▶ Provided material:
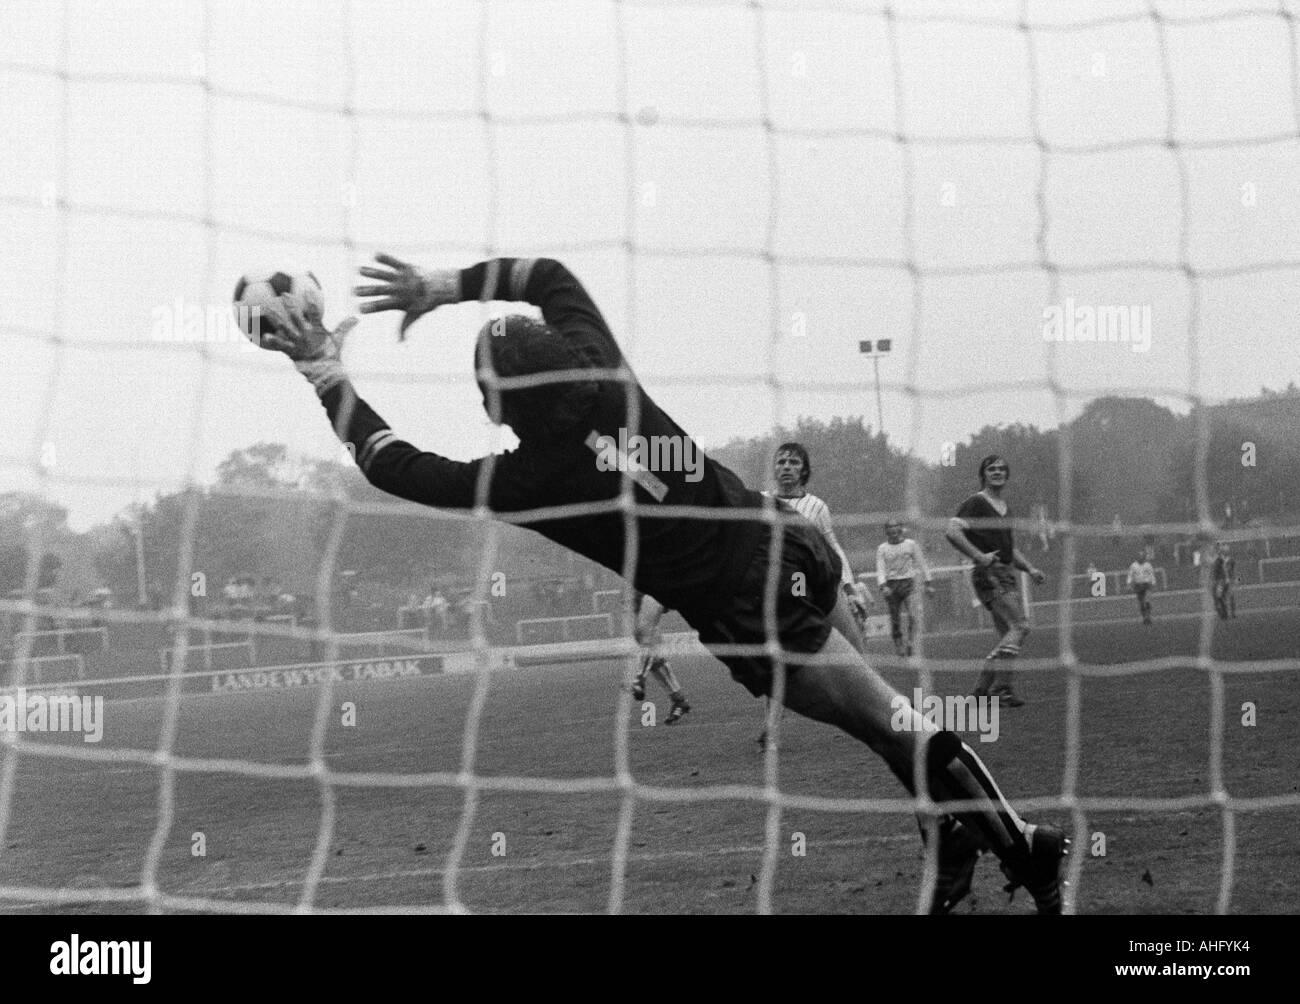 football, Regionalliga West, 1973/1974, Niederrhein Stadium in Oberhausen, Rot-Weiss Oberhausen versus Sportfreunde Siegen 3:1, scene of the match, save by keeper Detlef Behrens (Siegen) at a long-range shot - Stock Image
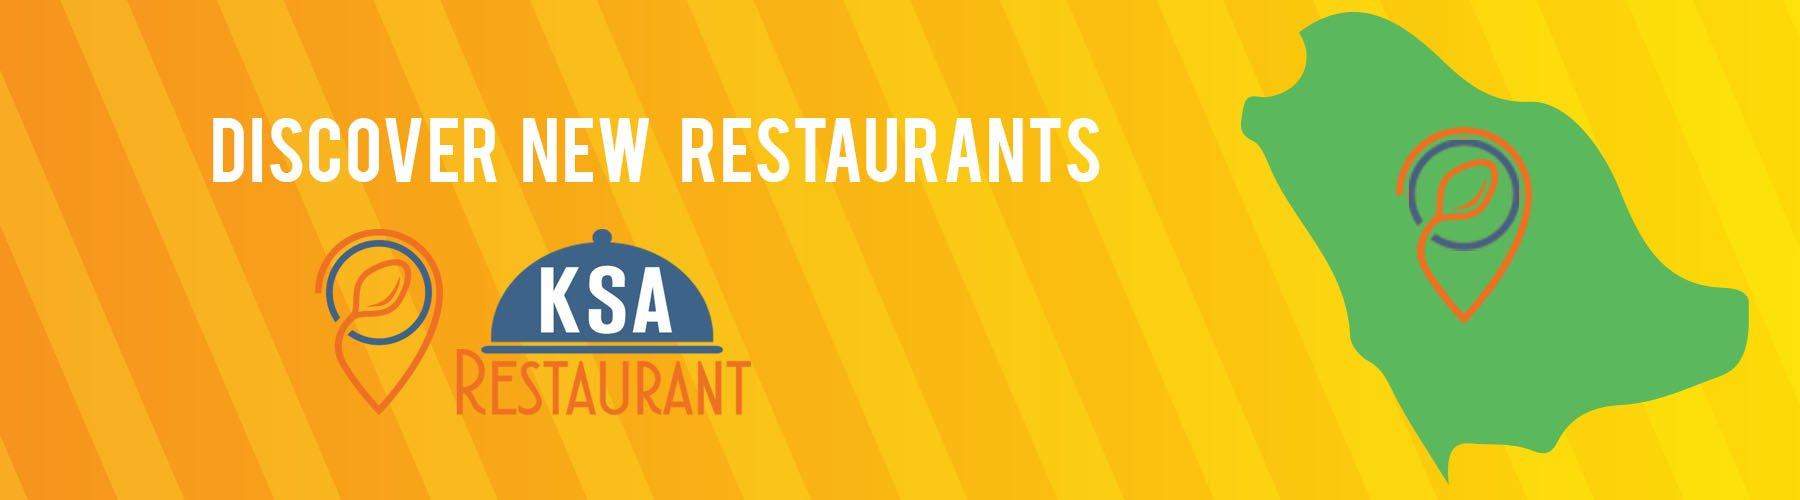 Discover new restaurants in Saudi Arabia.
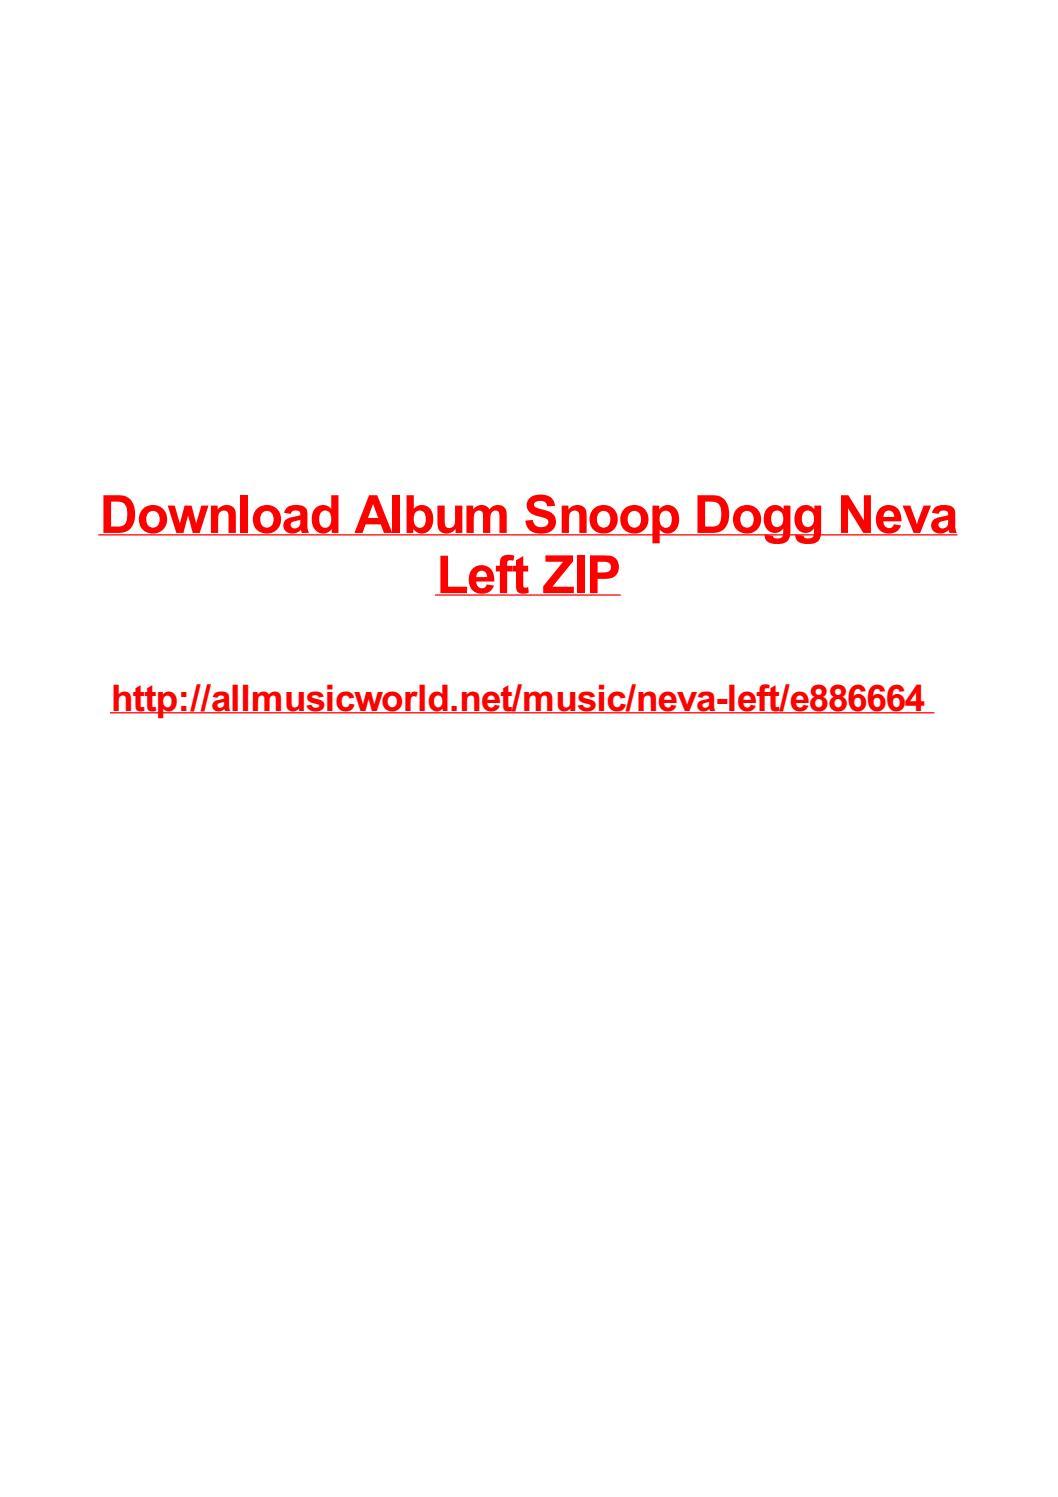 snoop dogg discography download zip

▶ What to work on:
Omit all images when repeating the data above exactly.

▶ Written solution:
 football, Regionalliga West, 1973/1974, Niederrhein Stadium in Oberhausen, Rot-Weiss Oberhausen versus Sportfreunde Siegen 3:1, scene of the match, save by keeper Detlef Behrens (Siegen) at a long-range shot - Stock Image
 Discover new restaurants in Saudi Arabia.
 snoop dogg discography download zip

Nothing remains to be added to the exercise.